This gaiety was in Princess Henrietta's blood. Was she not a granddaughter of Henry IV, that great lover of pleasure?

So these two children ignored the death-traps which lay under their feet, those oubliettes which had swallowed up so many men and women. They did not see the ghosts that others saw gliding along the passages, which led to mysterious chambers, down narrow staircases, ending they knew not where. They did not care. They would escape from Patience and play their games of hide-and-seek and touch-wood, their cries of childish joy ringing through the corridors and starting the echoes. Men would smile at them, and women shake their heads, but no one bade them be silent. Sometimes even the king in the distance heard them and would smile. "That is the wild Henrietta and her companion," he would say.

"Shall they be silenced, sire?" asked a courtier once.

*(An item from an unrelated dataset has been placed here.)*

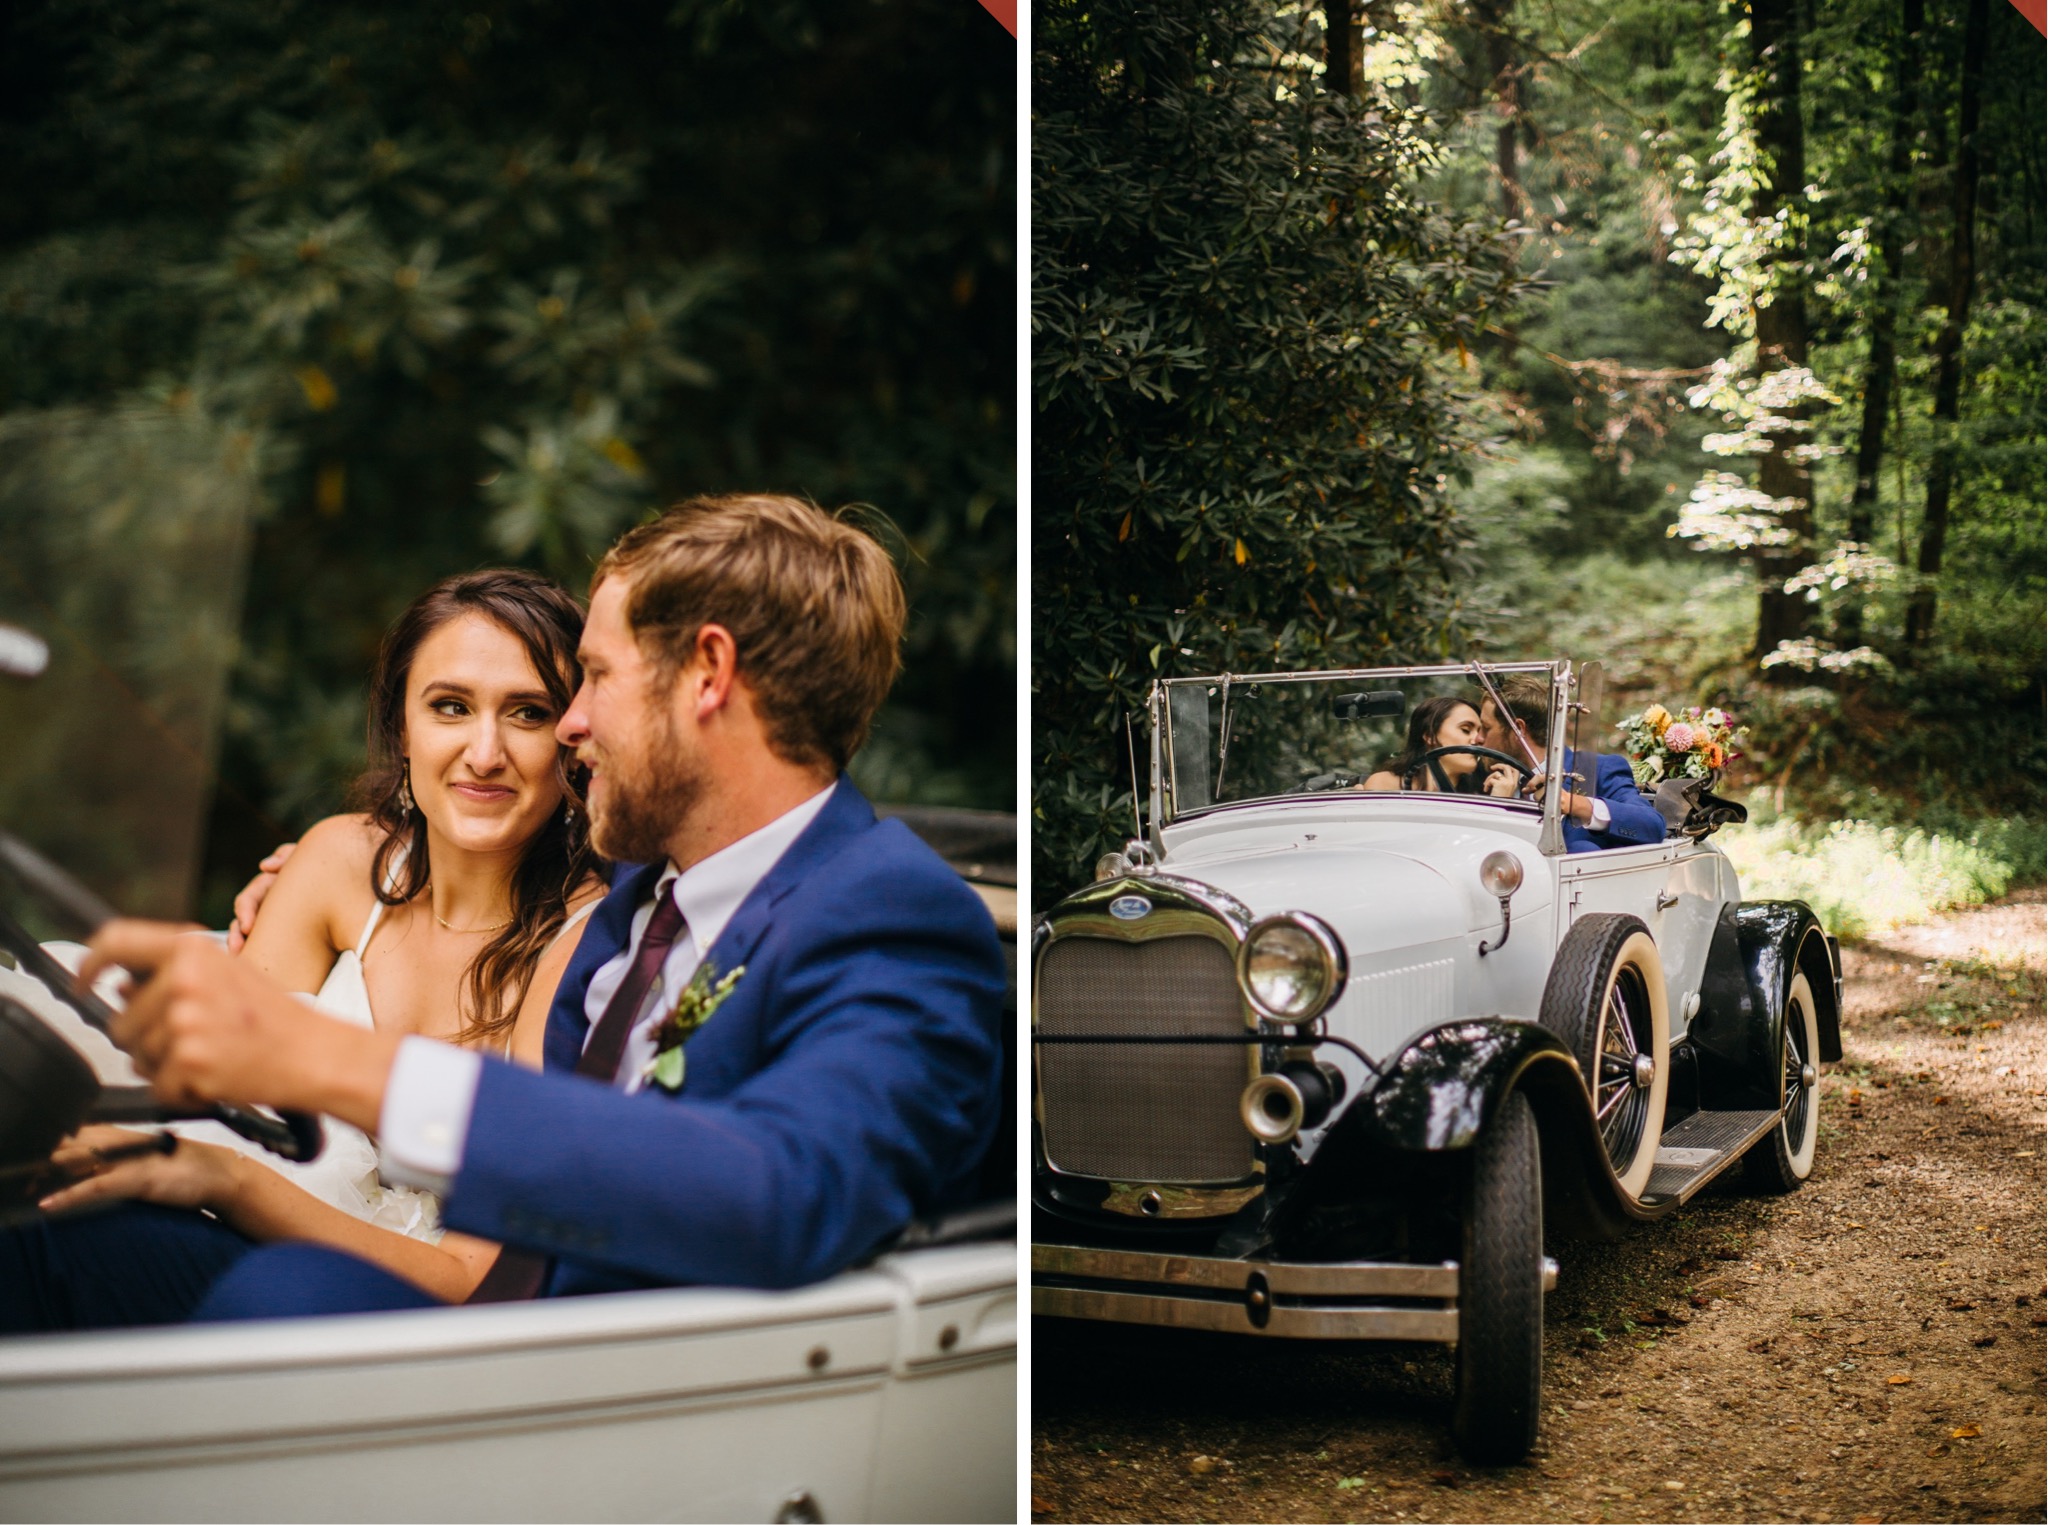 The bride and groom snuggle up and share a kiss in a vintage white car in the woods.
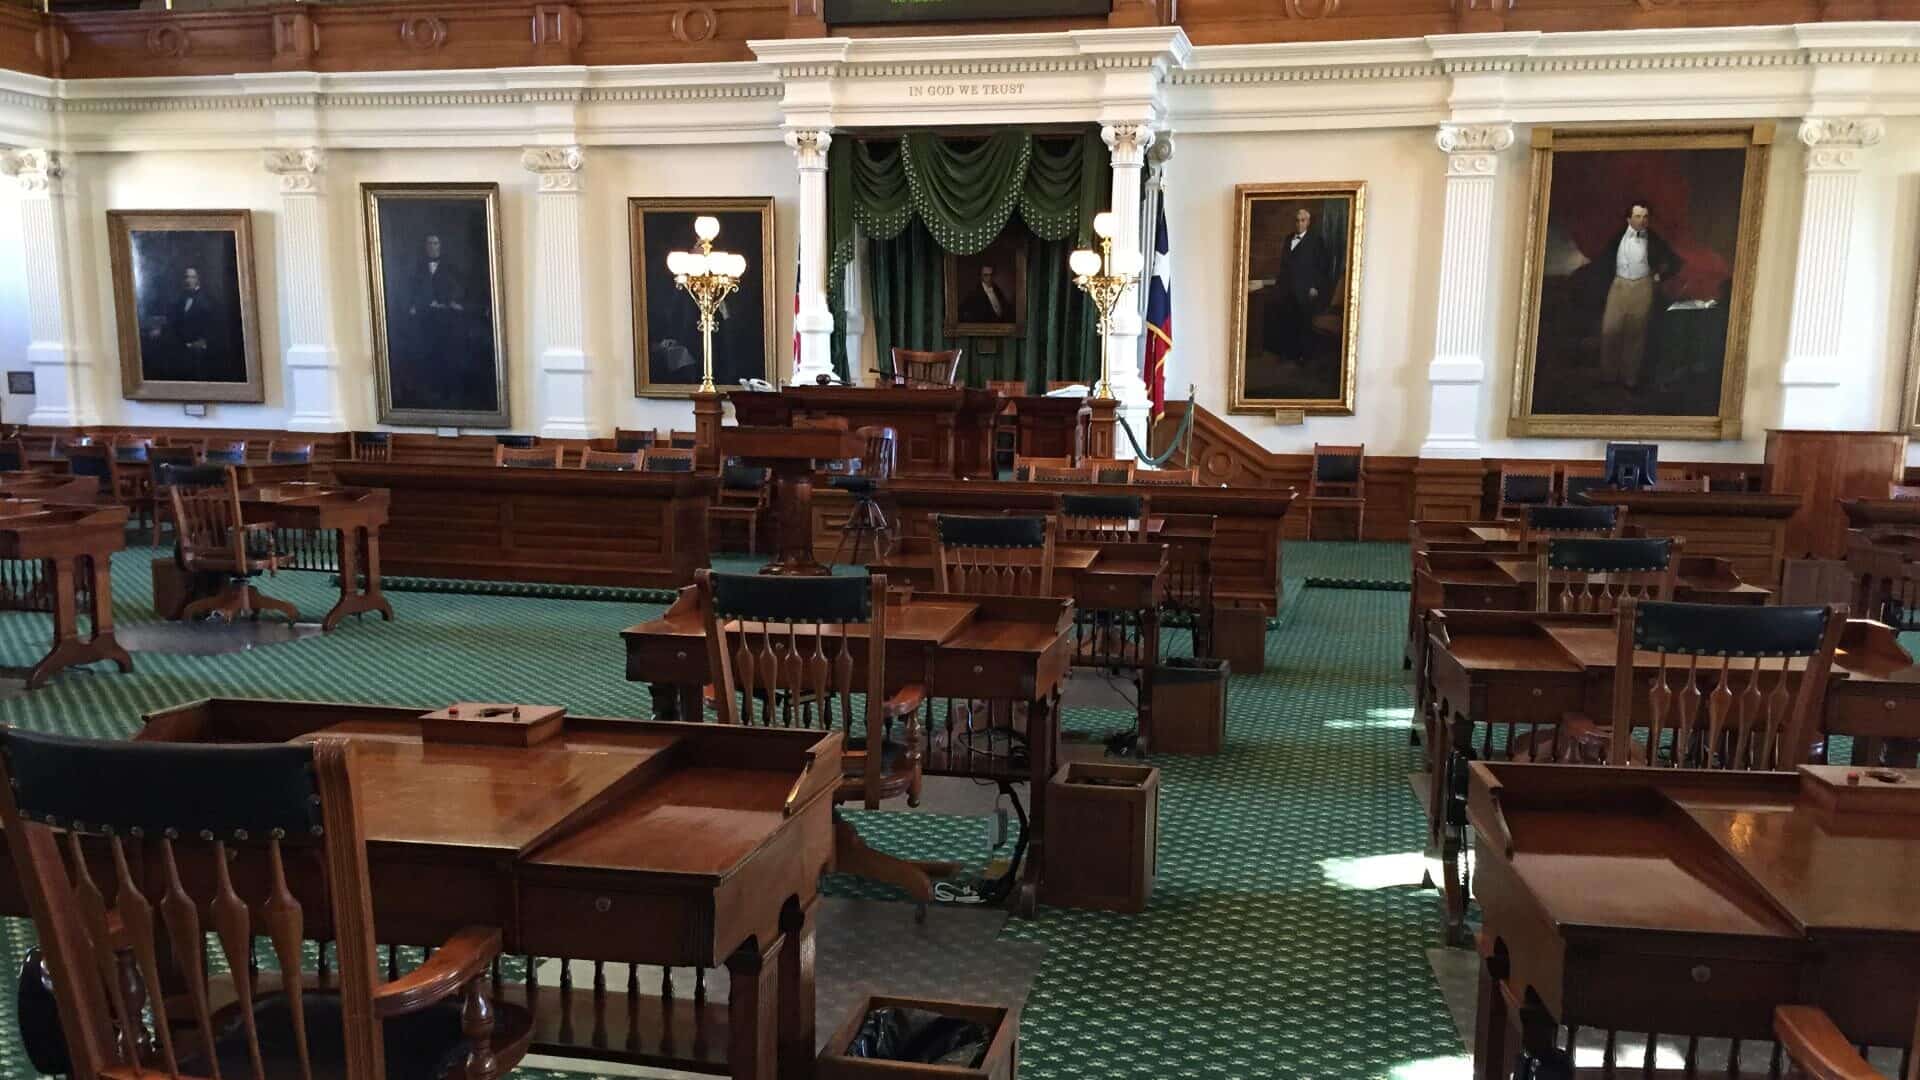 Large room with green carpet and dark wooden desks and chairs at a Capitol building

"Nay, nay; it is good for them to laugh," he answered. "Their weeping days will come. It were a sin to silence them."

On this day, when the princess and Agnes were sent forth from the king's presence, they took refuge with Patience, and, curling themselves up on the window-sill, began to talk.

"I wonder if we shall have as good a time in England as we have had here!" said Agnes. "I feel as if I were going to lose you, Princess. You will be a great lady at court, and I am only a child and nobody. I wonder what this England is like! I have heard that the sun shines but little there. I do not feel much love for it or for the people. I never can forget that they killed their king, your father."

"If I cannot forget, I shall have to make believe I can," said Henrietta; "but as to what England is like, I know no more than you do," she added. "I was brought over from England just as you were, an infant in swaddling clothes, by my dear Lady Dalkeith, so we are equal there."

"Except that you know who you are, but I am only Agnes Beaumont, with neither father nor mother, nor kith nor kin, no one save Patience to care for me."

"We care for you, my mother and I," said the princess, drawing the child closer to her. "What more do you want?"

"Never to leave you," said the child passionately. "I would be your handmaid, your servant." And, as if a sudden fear had taken hold on her, she clung to the princess.